A series of pincer-type zinc(II) chloride complexes, Zn1–Zn6, bearing unsymmetrical 2,6-bis(arylimino)pyridines (L1–L6), has been successfully synthesized in good yields. All the ligands and zinc complexes were fully characterized by ¹H/¹³C/³¹P NMR spectroscopy as well as elemental analysis. The molecular structures of Zn1 and Zn4 revealed a trigonal bipyramid geometry around zinc, with the N-C₂H₄PPh₂ arm remaining pendant. By pre-activating Zn1–Zn6 with two equivalents of LiN(SiMe₃)₂, the obtained catalysts displayed good activity for ROP of L-LA. At a molar ratio of L-LA : Zn : BnOH of 2000 : 1 : 1, Zn1/2LiN(SiMe₃)₂ displayed the highest TOF value of 1.03 × 10⁴ h⁻¹ at 100 °C in 10 minutes. In addition, the Zn1–Zn6/2LiN(SiMe₃)₂ can also effectively catalyse the ring-opening polymerization of rac-LA, but their catalytic efficiency is much lower than that for the ROP of L-LA under the same conditions. The phosphorus group played a positive role in ROP of lactides, which was demonstrated by zinc complexes containing the phosphorus group showing higher activity in producing higher molecular weight polymers.

Author contributions

Xiaopan Xue: data curation, investigation; Dongzhi Zhu: data curation; Wenjuan Zhang: conceptualization and writing (equal); Tongxin Zheng: characterization of polymers; Rui Wang: discussion and editing (equal); Yanping Ma: measurement of metal complexes; and Wen-Hua Sun: writing – review and editing (equal).

Conflicts of interest

There are no conflicts to declare.

Data availability

The data supporting this article have been included as part of supplementary information (SI).
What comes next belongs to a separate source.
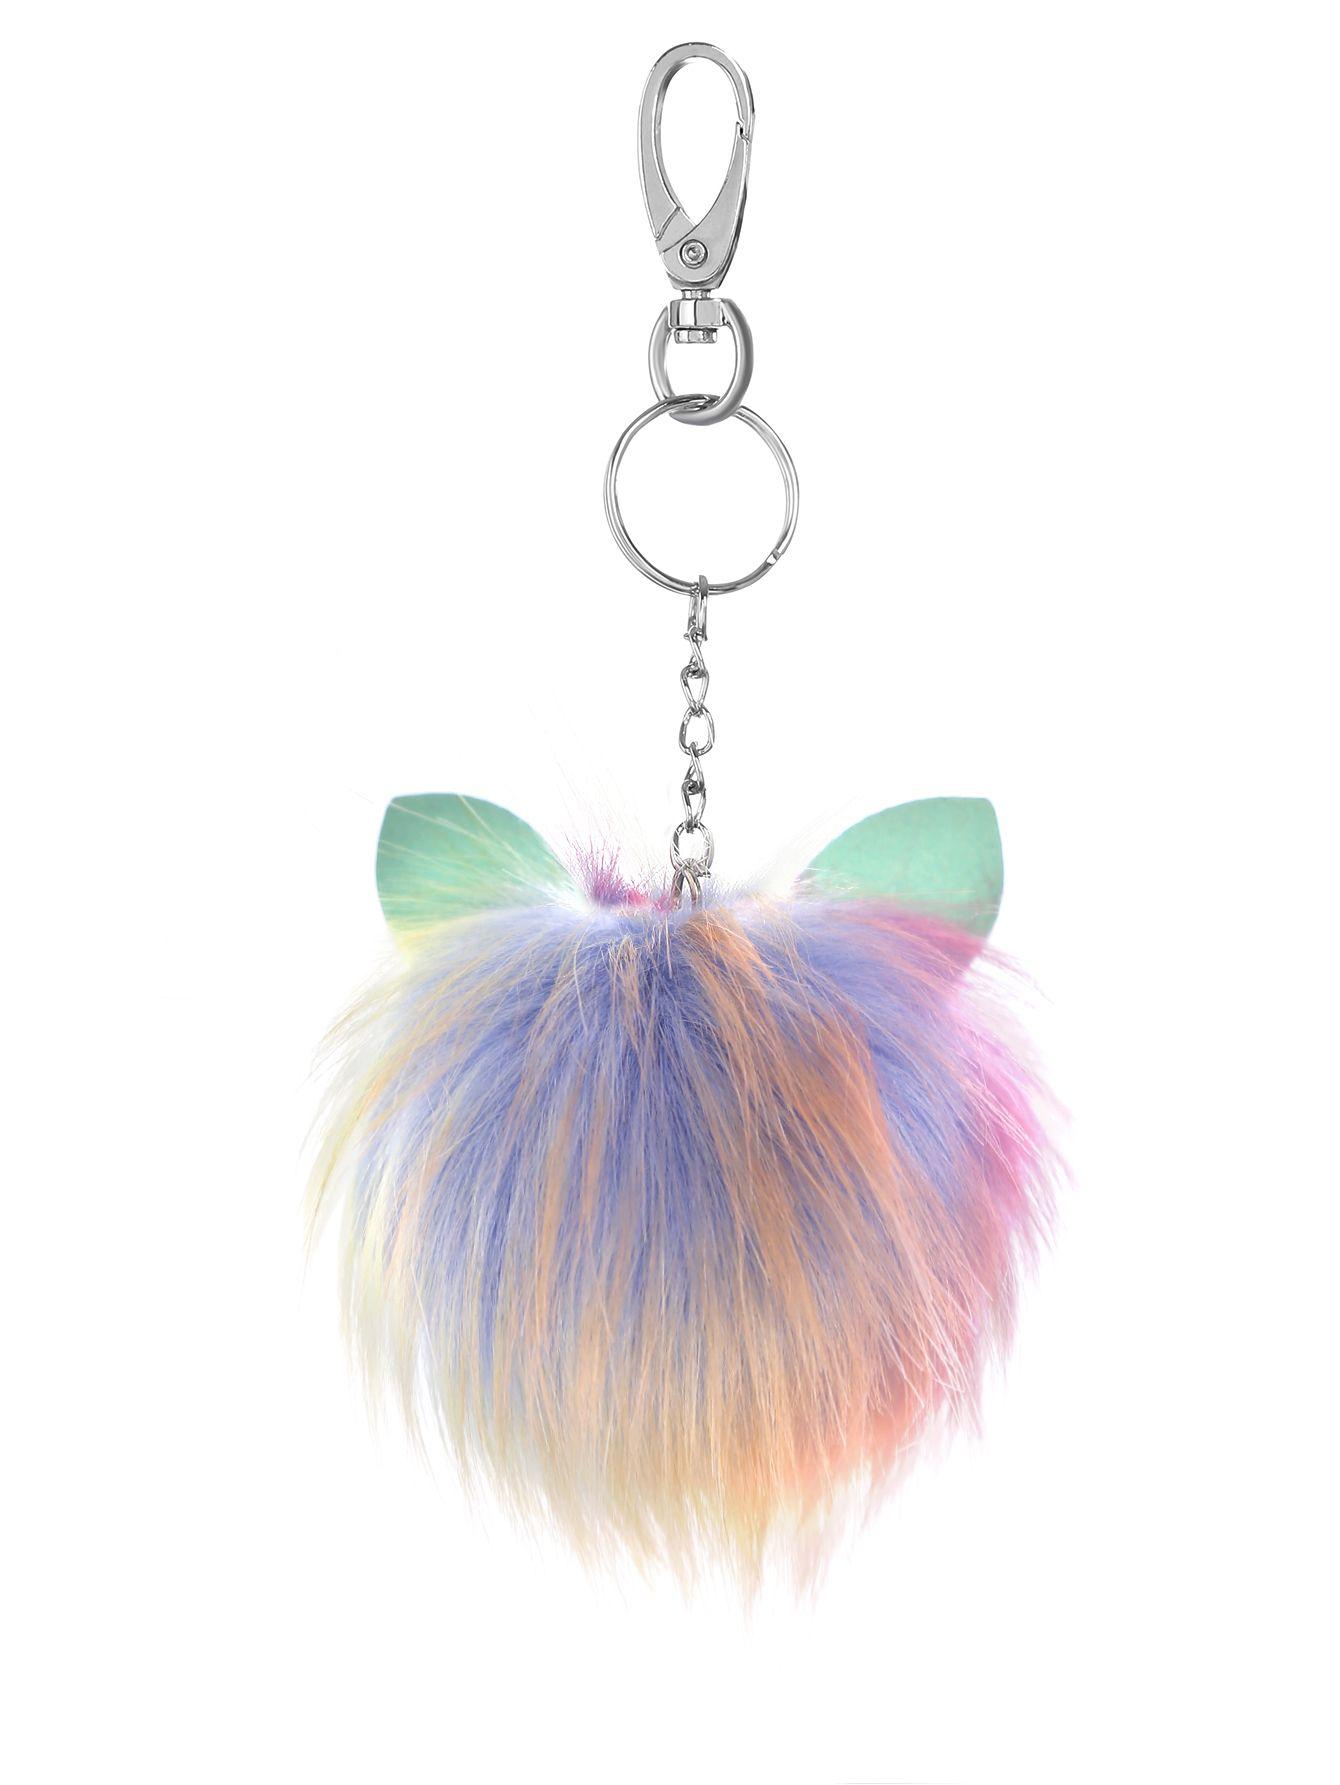 37d9330d92 Shop Colorful Pom Pom Keychain online. SheIn offers Colorful Pom Pom  Keychain & more to fit your fashionable needs.

Supplementary information: ¹H/¹³C/³¹P NMR spectra of ligand and zinc complexes. CCDC 2506243 (Zn1) and 2506244 (Zn4) contain the supplementary crystallographic data for this paper.^50a,b See DOI: https://doi.org/10.1039/d5dt02857d.

Acknowledgements

This work was supported by the National Natural Science Foundation of China (51973005), the Beijing Scholar Program (Project No. RCQJ20303), and the Project of Constructing the Emerging Interdisciplinary Platform Based on “Clothing Science” of the Beijing Institute of Fashion Technology (Classified Development of Municipal Colleges and Universities).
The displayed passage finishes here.